Thankfully the album changes directions with "will_smith" and "ピタゴラスPYTHAGORAS", that re-introduce us to the mathematical side of The Algorithm. This shift in gears is confirmed with very welcome long - and thick enough - guitar samples. This second third of the album is based mostly on a dubstep structure, with its usual build-ups and bass-drops, but with subtlety and intelligence. Words that come rarely in the same sentence as "dubstep".
"synthetiz3r", which can easily be described as one of the heaviest tentacles this sea-monster has to deploy, features one of the most surprising blends of musical styles I ever heard in the short span of 60 seconds. Imagine this: Optimus Prime and Starscream on a date, Optimus gets Stary to follow him home, puts some 90's eurodance in the background to set the mood for foreplay, followed by a long growl that you could only interpret as Starscream complaining about the lack of lube. That crazy session of love-making ends on a faraway soaring guitar solo, which can help you vividly imagine how salty Starscream's tears must taste.
The album goes on and features a more breakcore/drum'n'bass-based track by the name of "damage points". We are then past the first half, and the light tunes like "discovery" are far away.
We get a little rest with a spacey ambient short interlude that operates as an easy transition between the second and last third of the record. Slower but also darker tracks are to be expected as we approach the end. The ones past "void" include more space-related soundscapes that introduce a little fantasy of Remi's. He indeed felt free to add a little rapped verse to the mix in "un dernier combat", dealing with his troubles with psycho-pharmacology. This is proof that The Algorithm wants to experiment in a more serious way and not just have fun. Although, between froggies, I'd advise him not to start a French rap project any time soon. Surprisingly, the album ends on an explosive piece that mixes insane blastbeats as well as moments heavily influenced by traditional old-school EBM and industrial. The whole thing fades out into an unexpected long and smooth lounge jazz outro that feels as useless as a band-aid on an open fracture.

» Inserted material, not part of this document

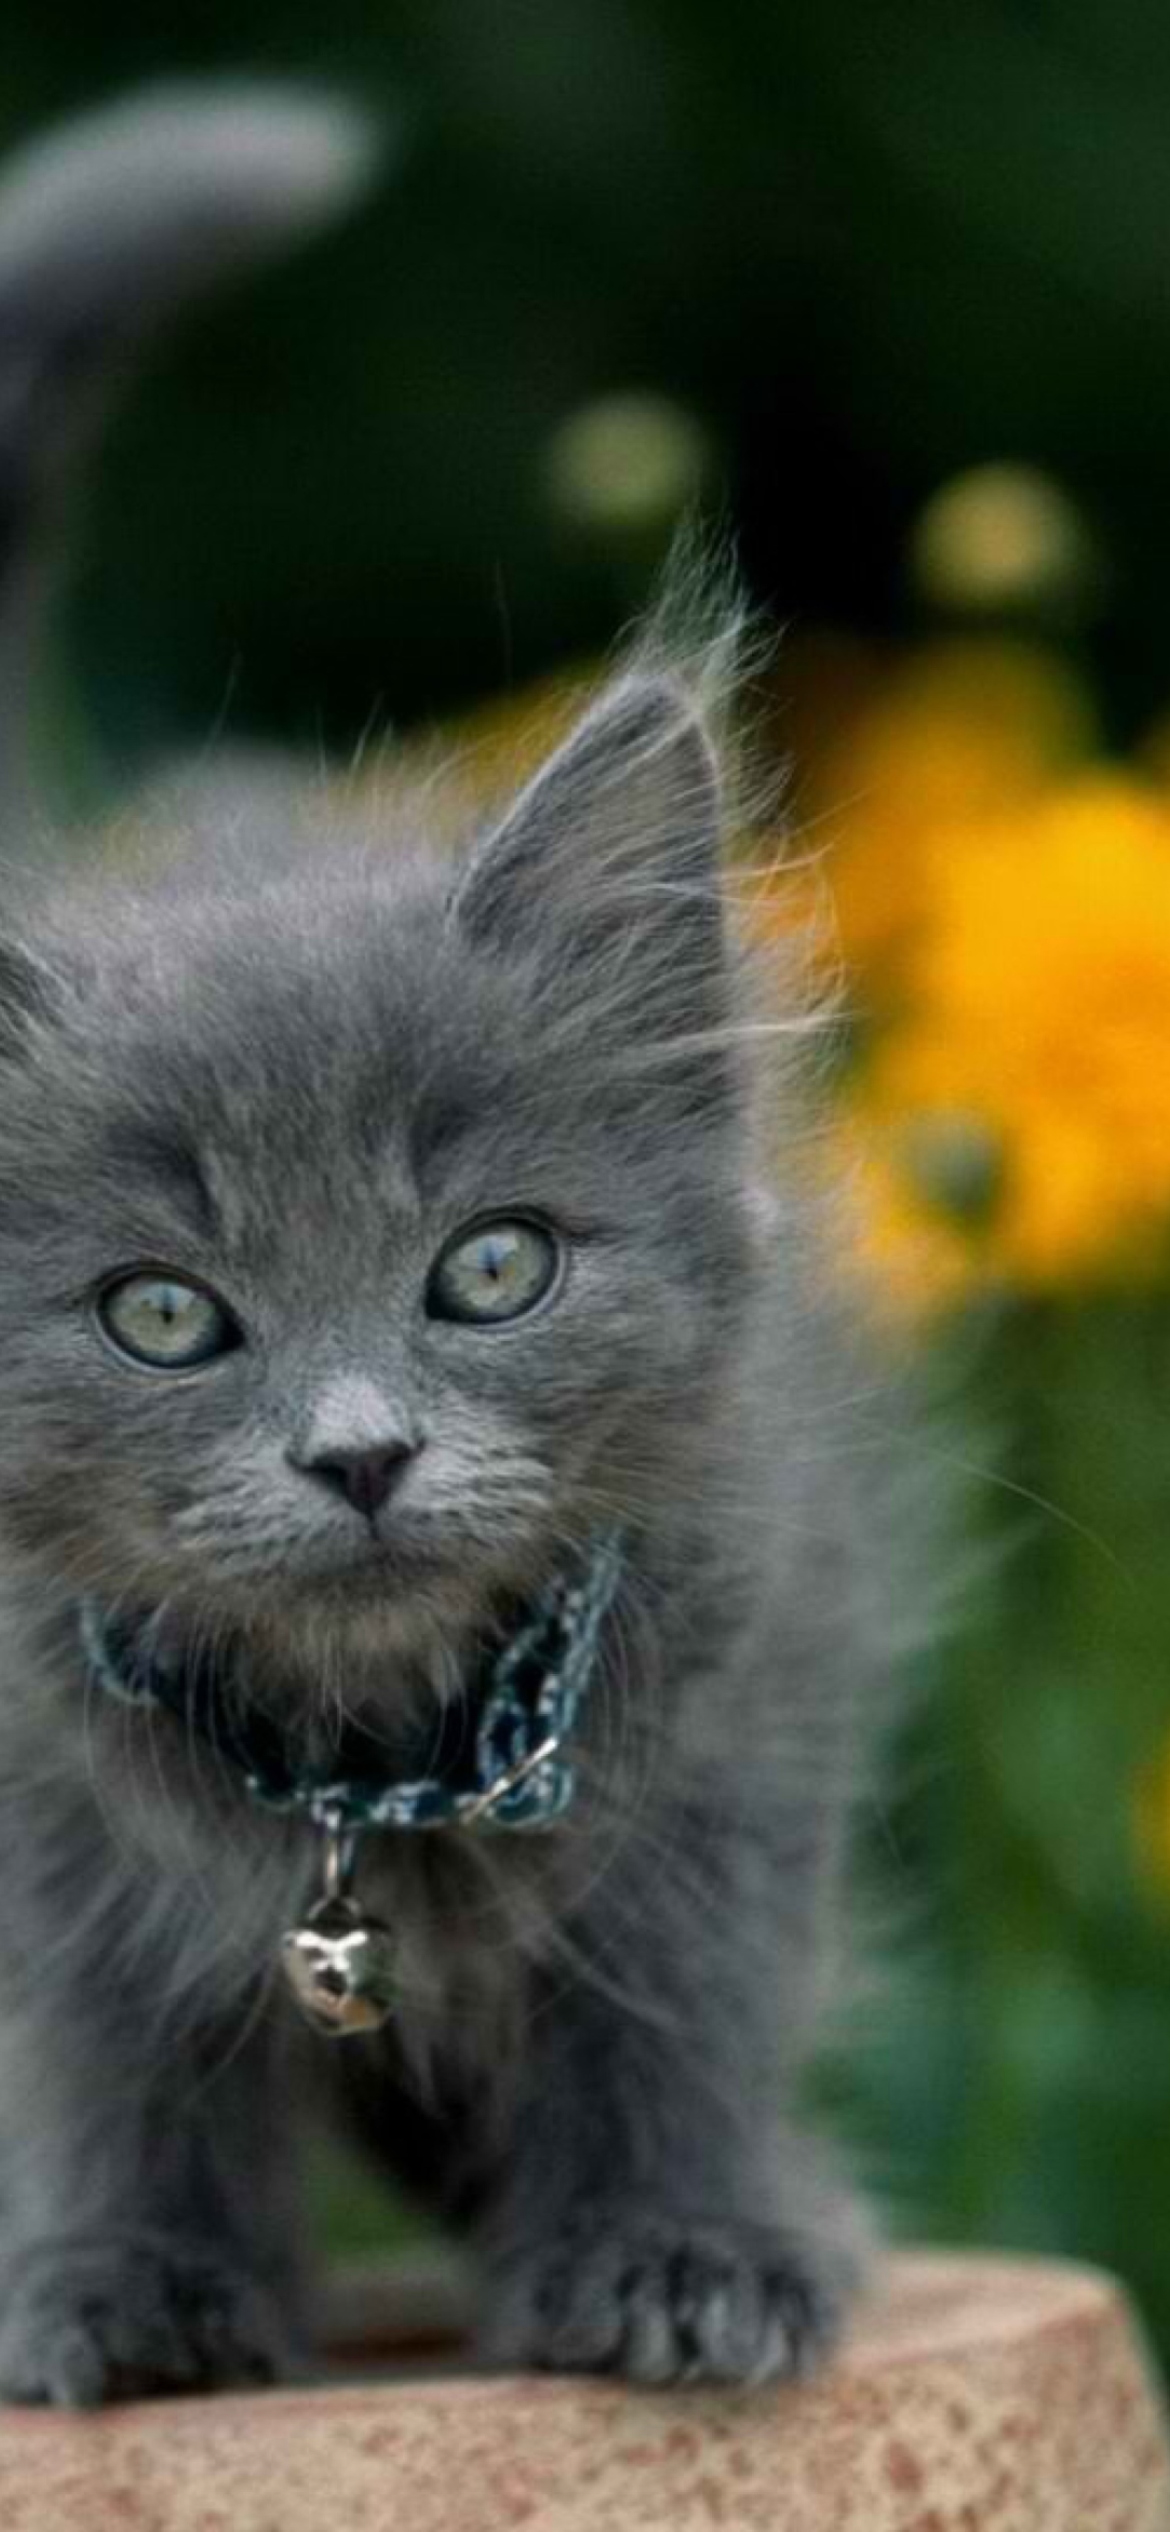 Little Blue Kitten With Necklace screenshot #1 1170x2532

As a conclusion, I would say the whole experience, because of how dense it is, could have been shortened, even coming from a techno lover as myself. OCTOPUS4's flaws could all be the consequences of wanting to do too much, which makes me hope the next opus will be a little less zealous. OCTOPUS4 is an album for open-minded listeners that do not mind having a lot of wubwubwub in their shredshredshred. The song structures and the genre-hopping don't make this an easy listen, especially for the unfamiliar with electronic music. But it is adult enough to use all those different little facets of Gallego's musical culture to make a record worthy of being listened to at least once.